A Yemeni oil worker looks out at the Aden oil refinery after it was re-activated on September 5, 2016, following a year of closure due to the ongoing Saudi-led military campaign.

The Yemeni oil ministry affiliated with the Houthis says countries of the Saudi-led coalition and their mercenaries looted more than 18 million barrels of the country’s oil exports last year.

Speaking at a press conference in the Yemeni capital Sana’a on Saturday, Ahmed Daris said the coalition “looted more than 18 million barrels of oil exports last year and sent their money to the Saudi National Bank," Yemen's Arabic-language al-Masirah news website reported.

Daris also called on the United Nations to shoulder its responsibility in facilitating the release of oil shipments detained by the Saudi-led coalition waging war on the impoverished nation.

He warned the Saudi-led coalition that the continued detention of the oil tankers will further motivate Yemeni people to join anti-Saudi frontlines.

“Free oil tankers, our people will not surrender to the continued detention, but this will be an incentive to move to frontlines,” he said.

Saudi Arabia and its allies launched military campaign on Yemen in March 2015 with the aim of reinstalling the government of former president Abd Rabbuh Mansur Hadi and crushing the Houthi Ansarullah movement.

Yemen’s southern areas are controlled by Saudi-backed officials of the former Yemeni government.

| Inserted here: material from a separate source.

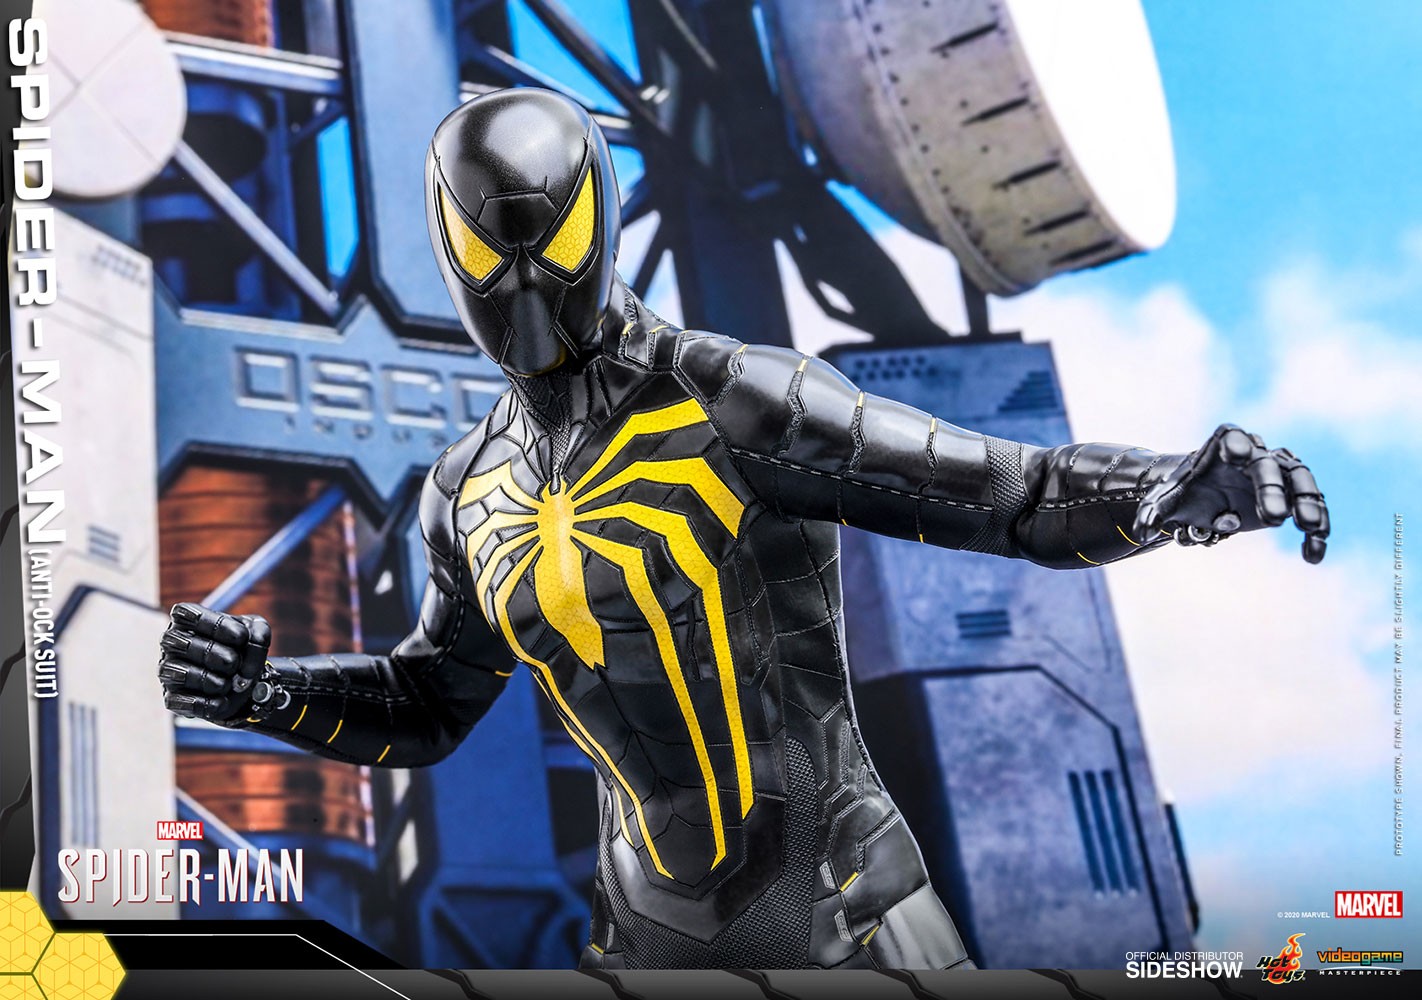 Spider-Man (Anti-Ock Suit) Collector Edition (Prototype Shown) View 9

Saudi Arabia has taken control over the provinces' seaports and airports, using them to deploy hundreds of troops in the region.

A series of documents obtained by some media outlets in August last year pointed to Saudi Arabia's intention to build an oil port in Yemen's al-Mahra governorate in the country's southeast, where Saudi and Emirati troops are present.

The documents pointed to Saudi Arabia's intention to develop the port, which would extract and export petroleum.

In a letter addressed to the kingdom's ambassador to Yemen, a Saudi-based marine construction company, Huta Marine, thanked the official for trusting the company's capabilities by asking it to present a technical and financial proposal for the port's design.

Experts say the pipeline would allow the kingdom not to be constrained to the Strait of Hormuz or the Bab el-Mandeb Strait, both strategic choke points that affect its current oil shipping routes.

According to a report by the Armed Conflict Location and Event Data Project (ACLED), a nonprofit conflict-research organization, the Saudi-led war has so far claimed the lives of about 56,000 Yemenis.

The kingdom has also imposed an all-out blockade on Yemen, which according to the UN is now the scene of the world’s worst man-made crisis.